Transcribe exactly the entries from the "Balenciaga Black Shiny" line to the end, both included, minus pictures.

++++++++++

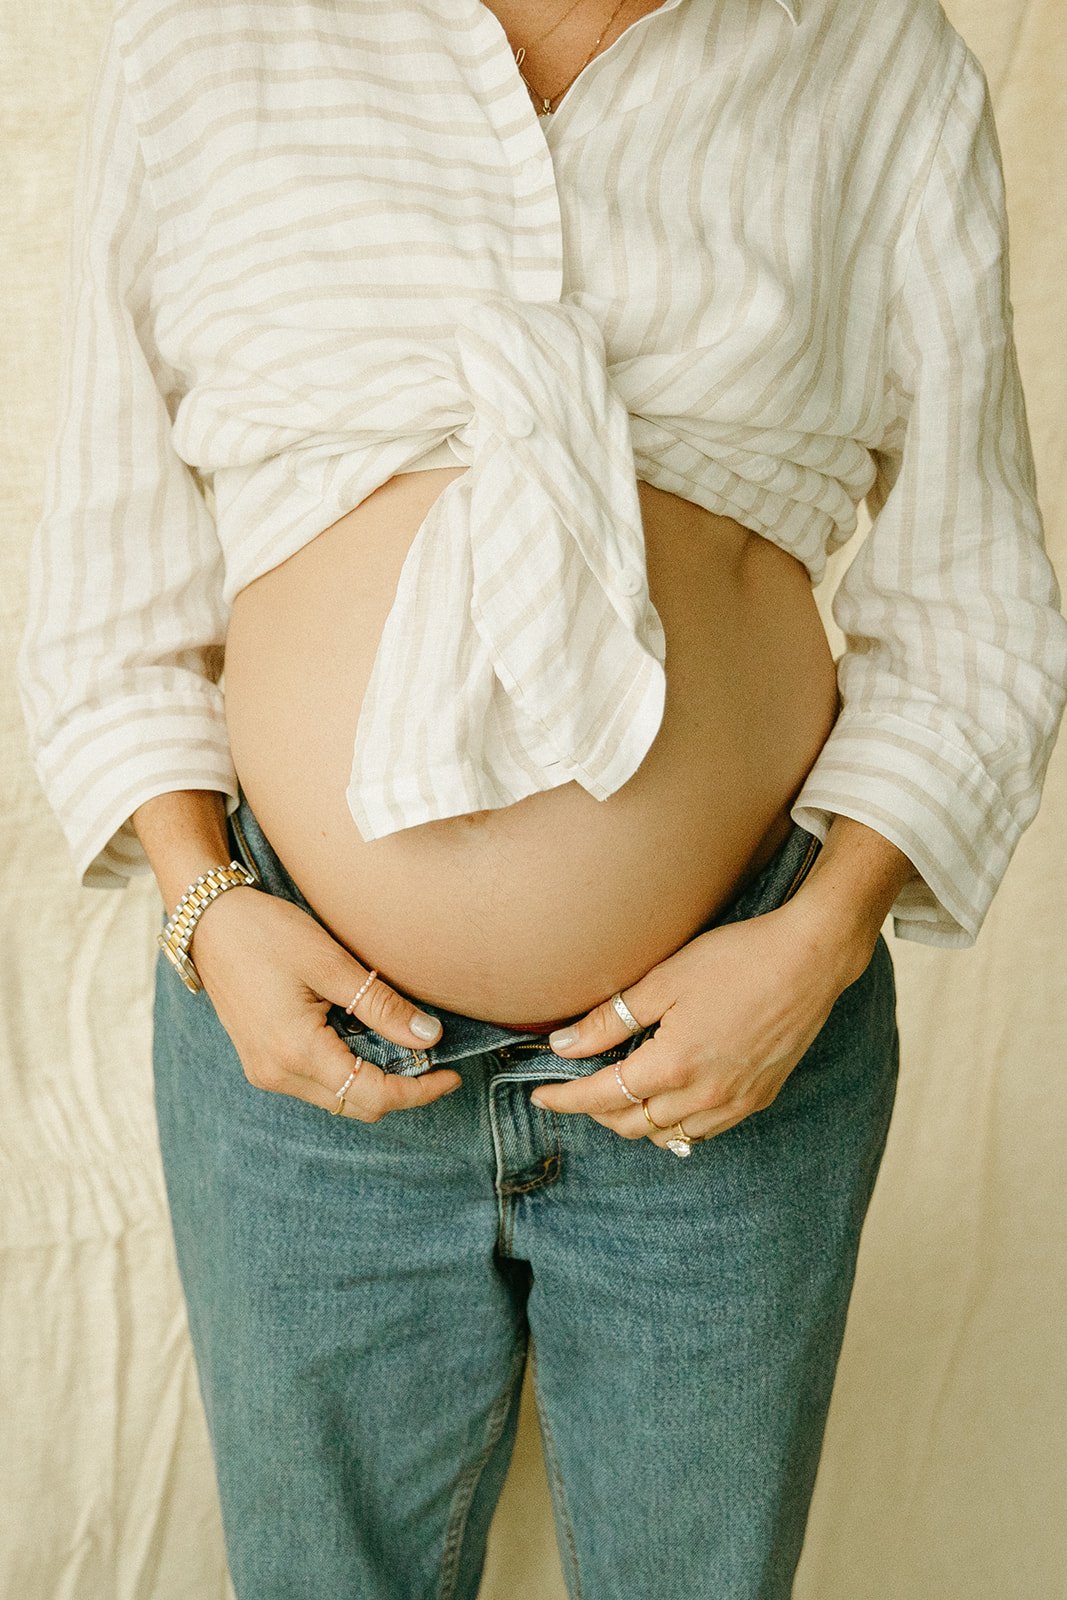 Film and Digital Studio Maternity Photoshoot
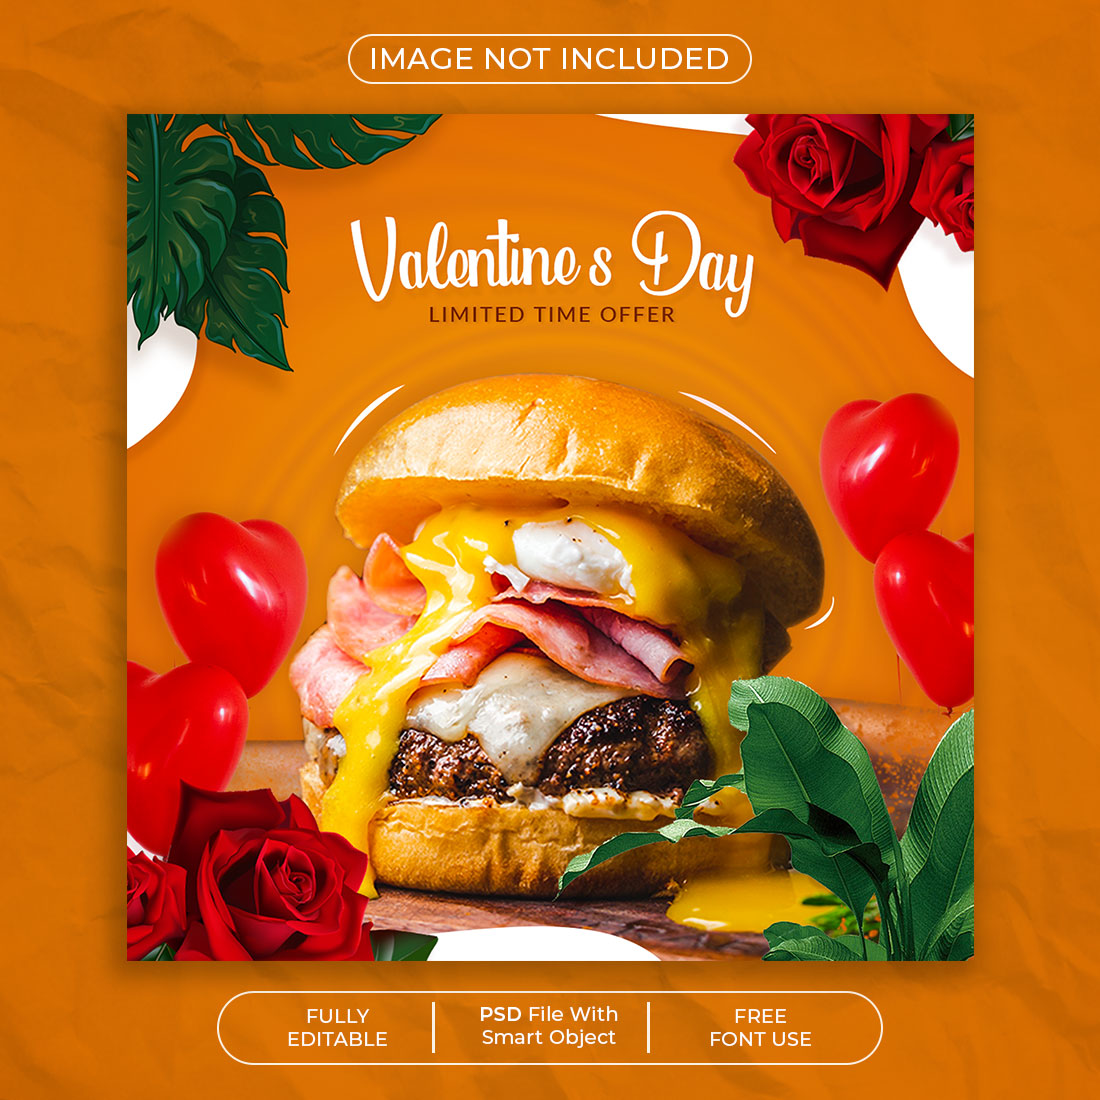 Romantic Valentine Day Dinner Menu Social Media Post Template cover image.
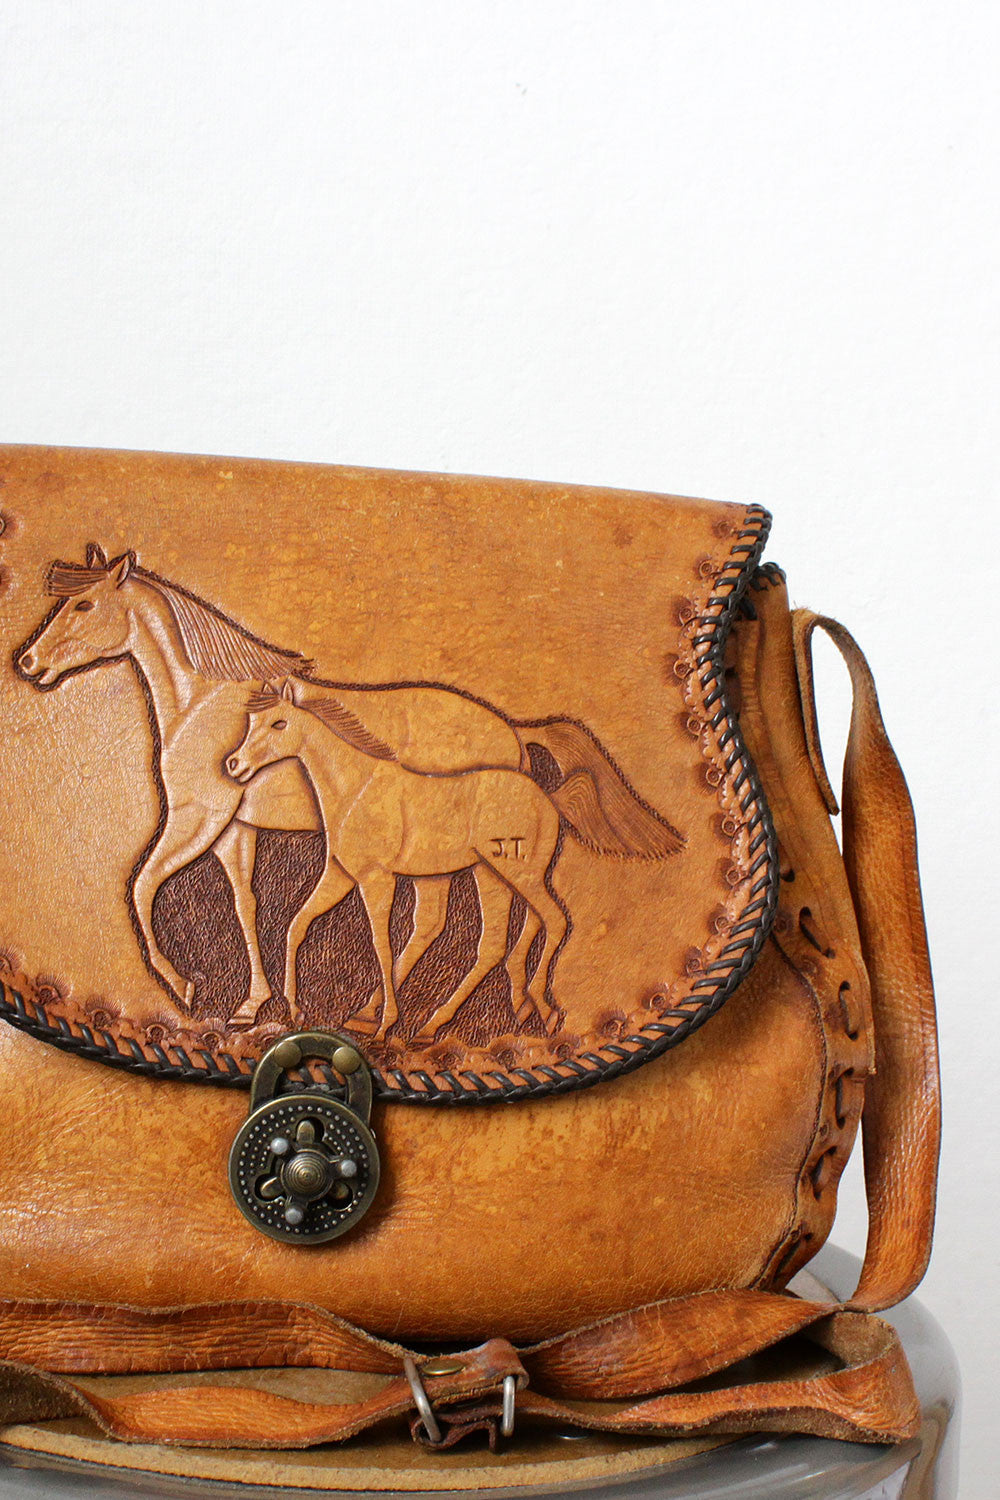 Hand made Leather Saddle Purse - Bags and purses
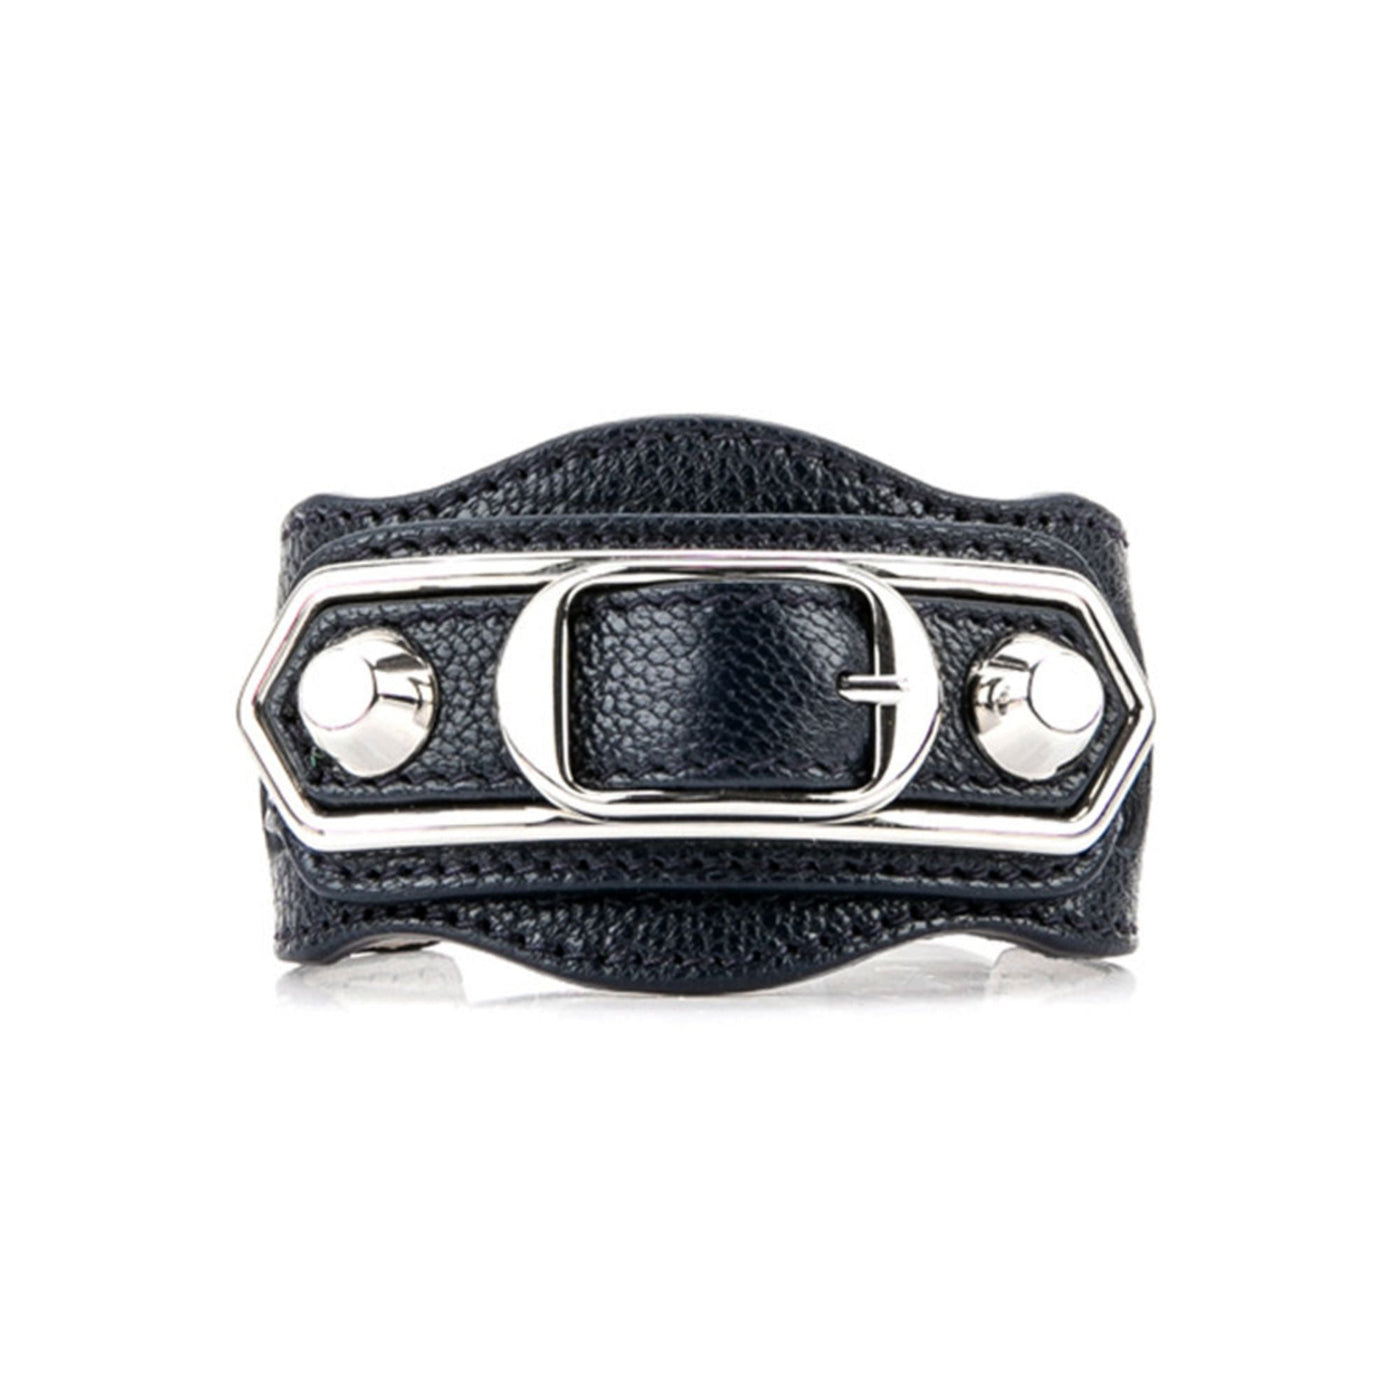 Balenciaga Black Shiny Calfskin Leather Studs Buckle Bracelet - LUXURYMRKT
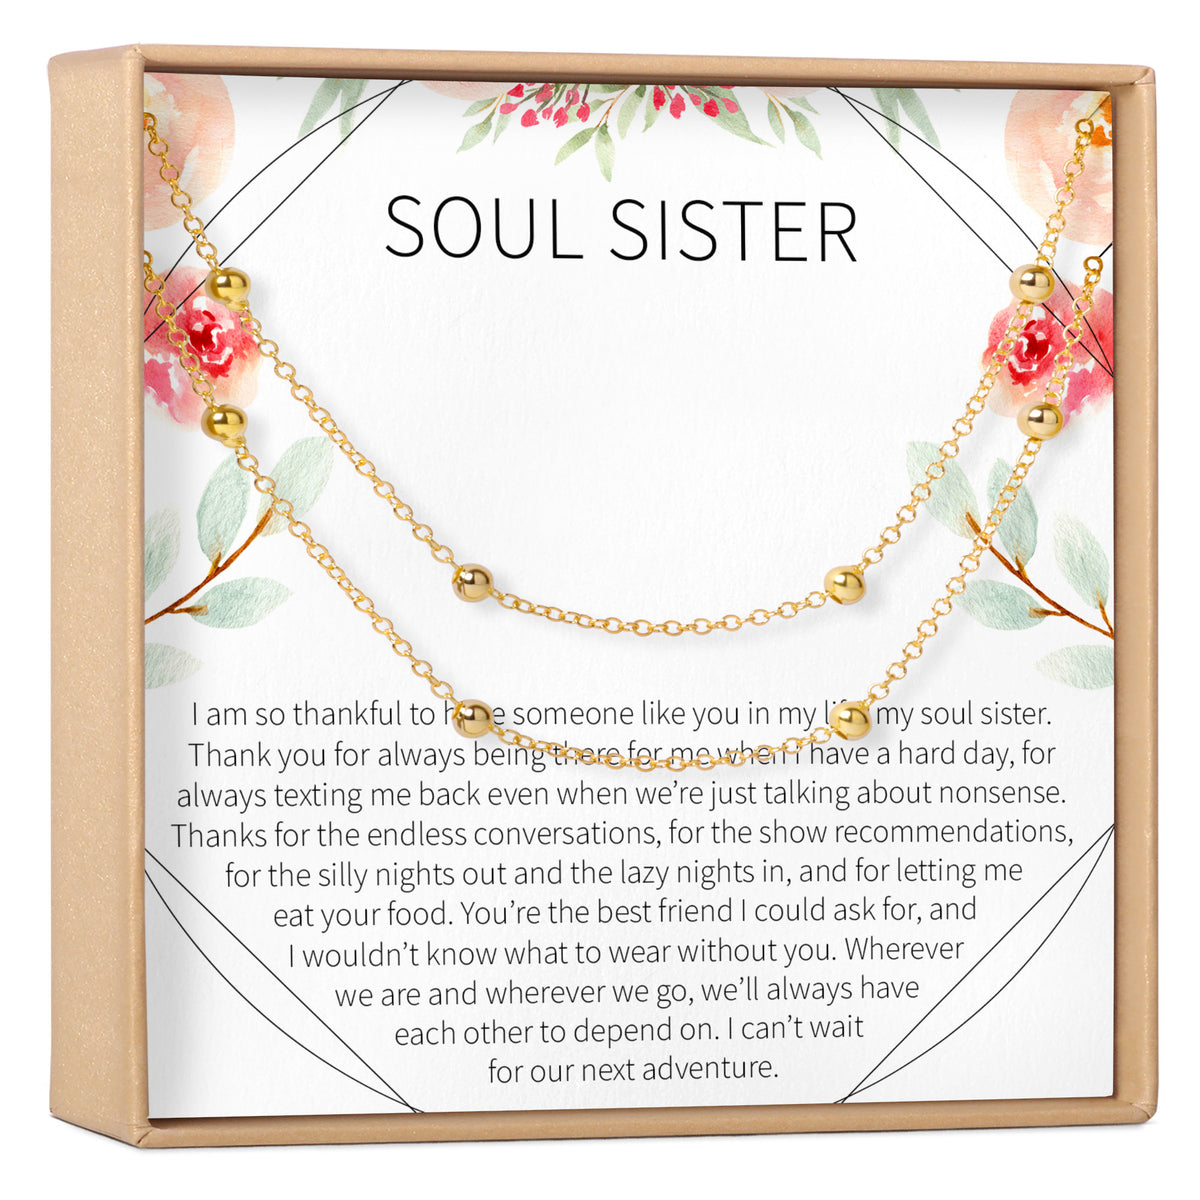 Soul Sisters Bracelet

++++++++++

# Solution for this problem:
 Balenciaga Black Shiny Calfskin Leather Studs Buckle Bracelet - LUXURYMRKT
 Soul Sisters Bracelet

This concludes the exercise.